Wave Propagation in Periodic Composites: Higher-Order Asymptotic Analysis Versus Plane-Wave Expansions Method

Abstract

Abstract This work is devoted to a comparison of different methods determining stop-bands in 1D and 2D periodic heterogeneous media. For a 1D case, the well-known dispersion equation is studied via asymptotic approach. In particular, we show how homogenized solutions can be obtained by elementary series used up to any higher-order. We illustrate and discuss a possible application of asymptotic series regarding parameters other than wavelength and frequency. In addition, we study antiplane elastic shear waves propagating in the plane through a spatially infinite periodic composite material consisting of an infinite matrix and a square lattice of circular inclusions.

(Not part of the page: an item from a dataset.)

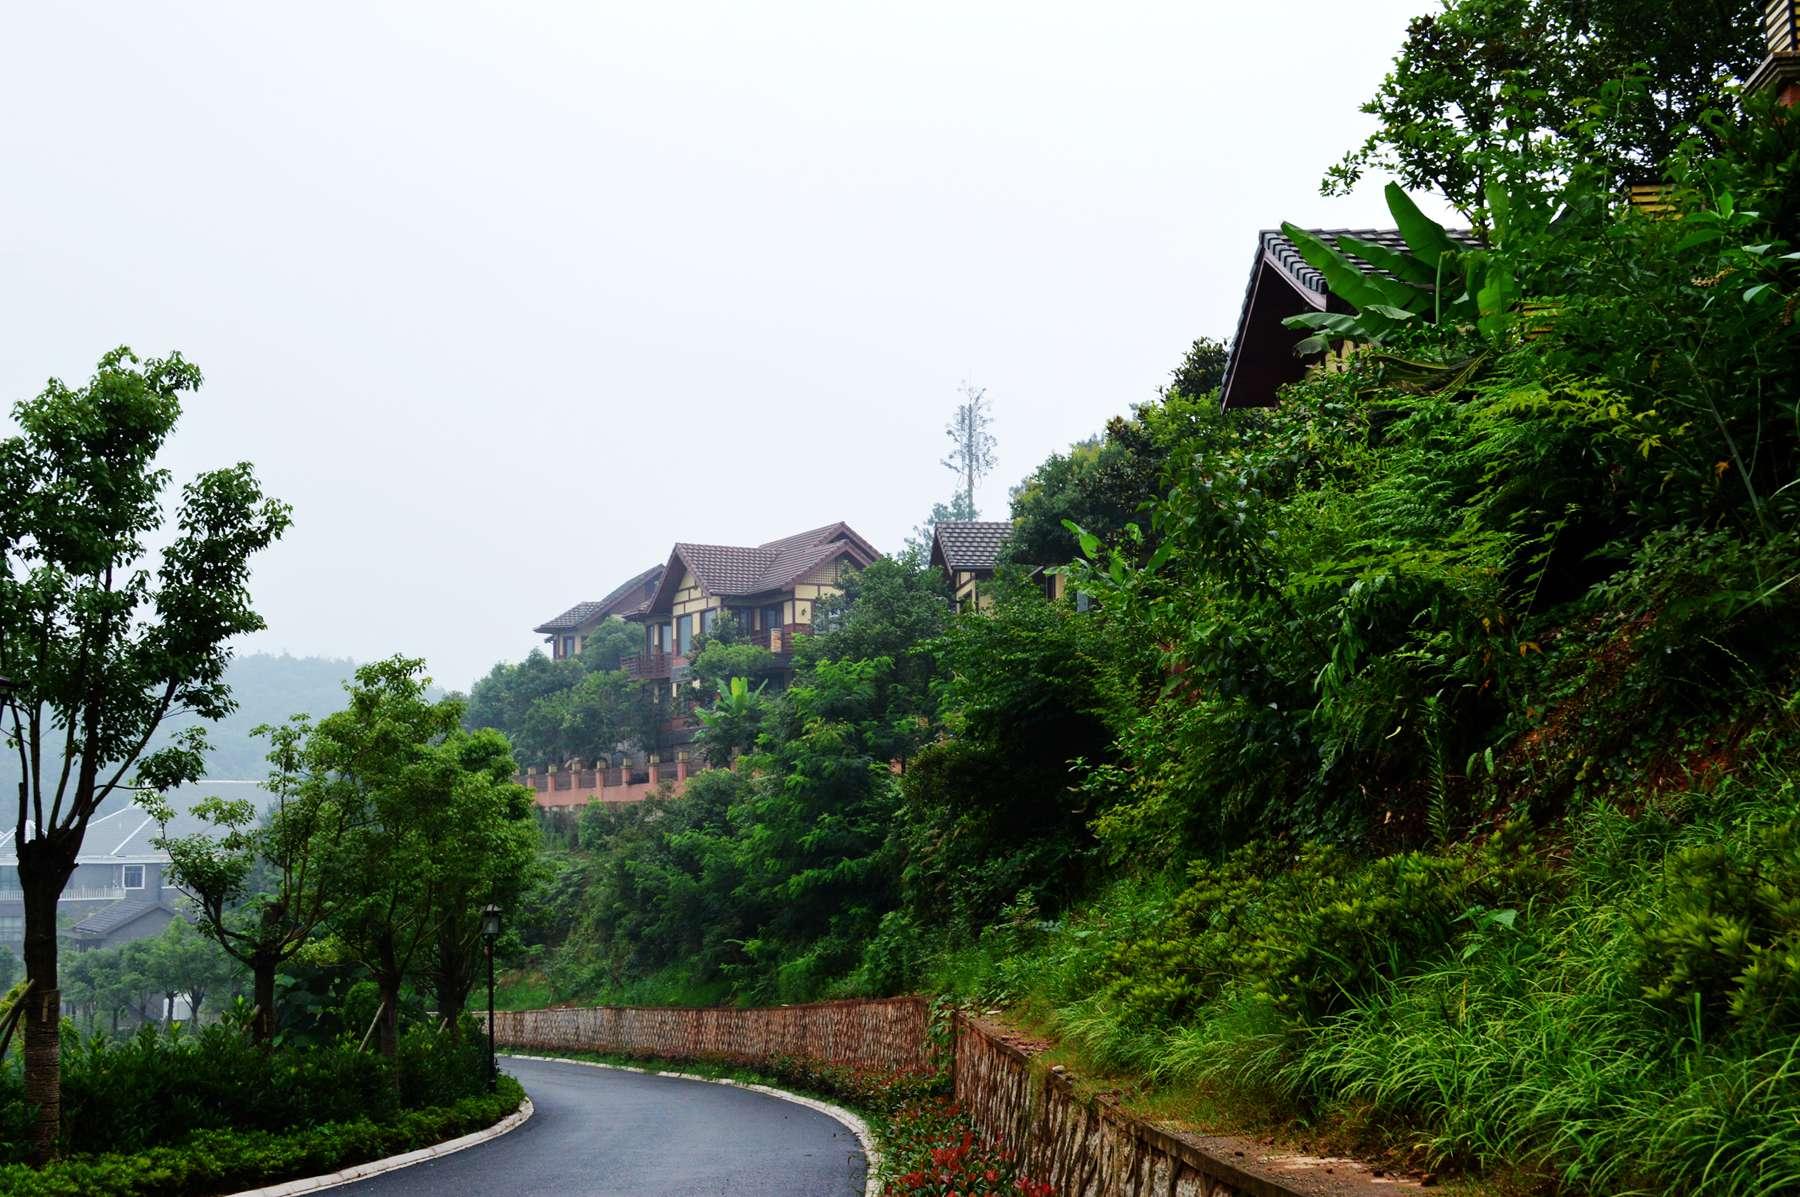 皖南川藏线起点----东南亚主题别墅自驾游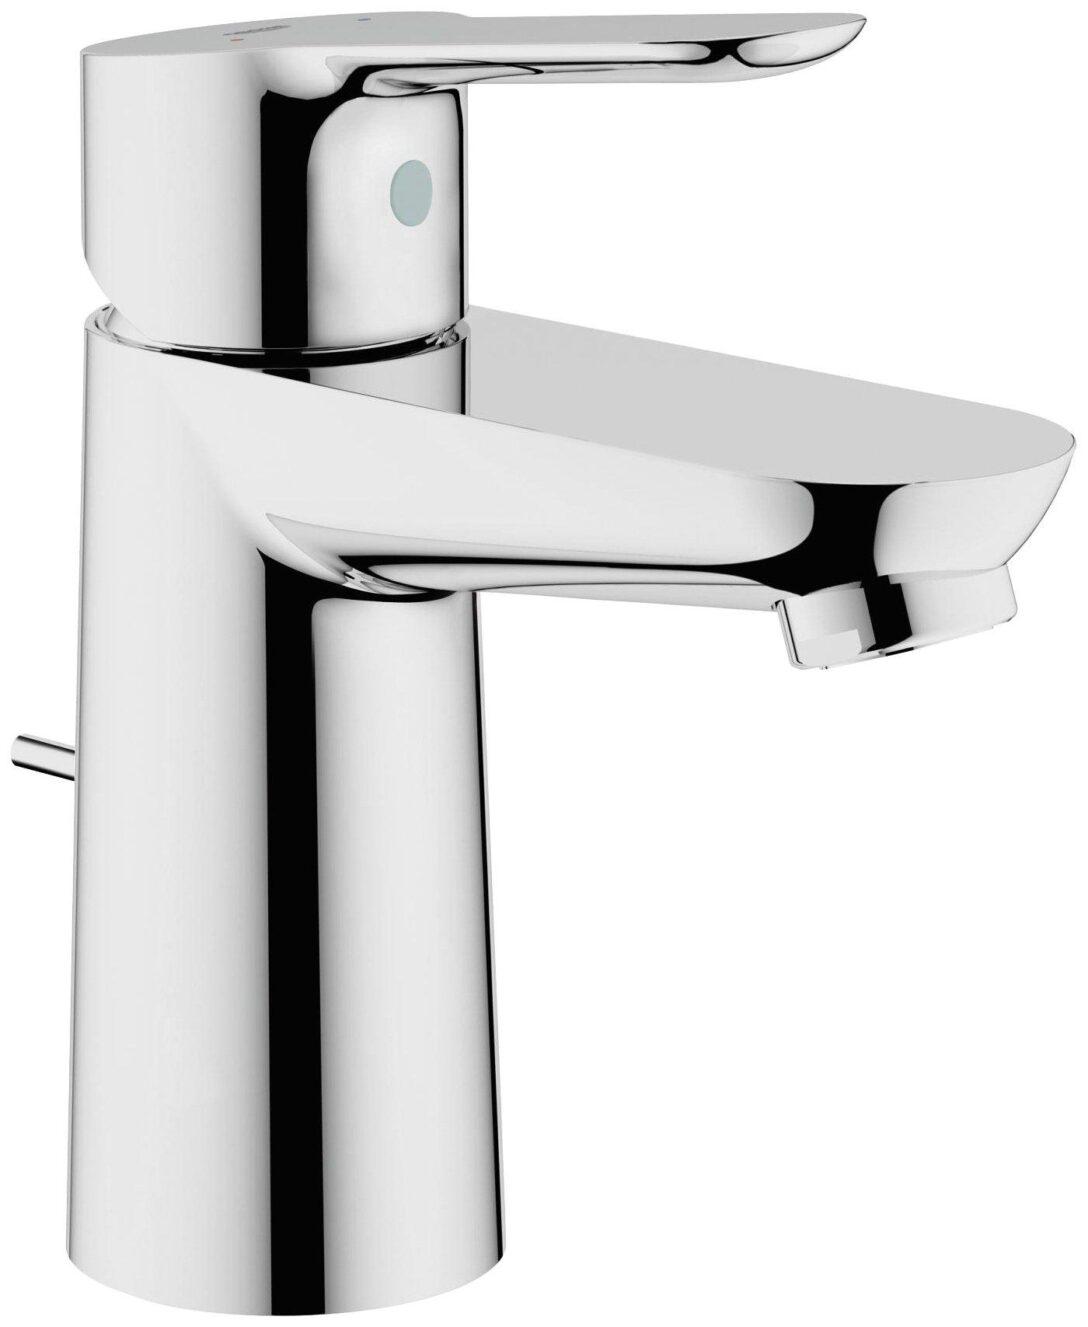 Large Size of Grohe Wasserhahn Dusche Für Küche Wandanschluss Thermostat Bad Wohnzimmer Grohe Wasserhahn

In order to solve the problem, a homogenization method matched with asymptotic solution on the cell with inclusion of the large volume fracture is proposed and successfully applied. First and second approximation terms of the averaging method provide the estimation of the first stop-band. For validity and comparison with other approaches, we have also applied the Fourier method. The Fourier method is shown to work well for relatively small inclusions, i.e., when the inclusion-associated parameters and matrices slightly differ from each other. However, for evidently contrasting structures and for large inclusions, a higher-order homogenization method is advantageous. Therefore, a higher-order homogenization method and the Fourier analysis can be treated as mutually complementary.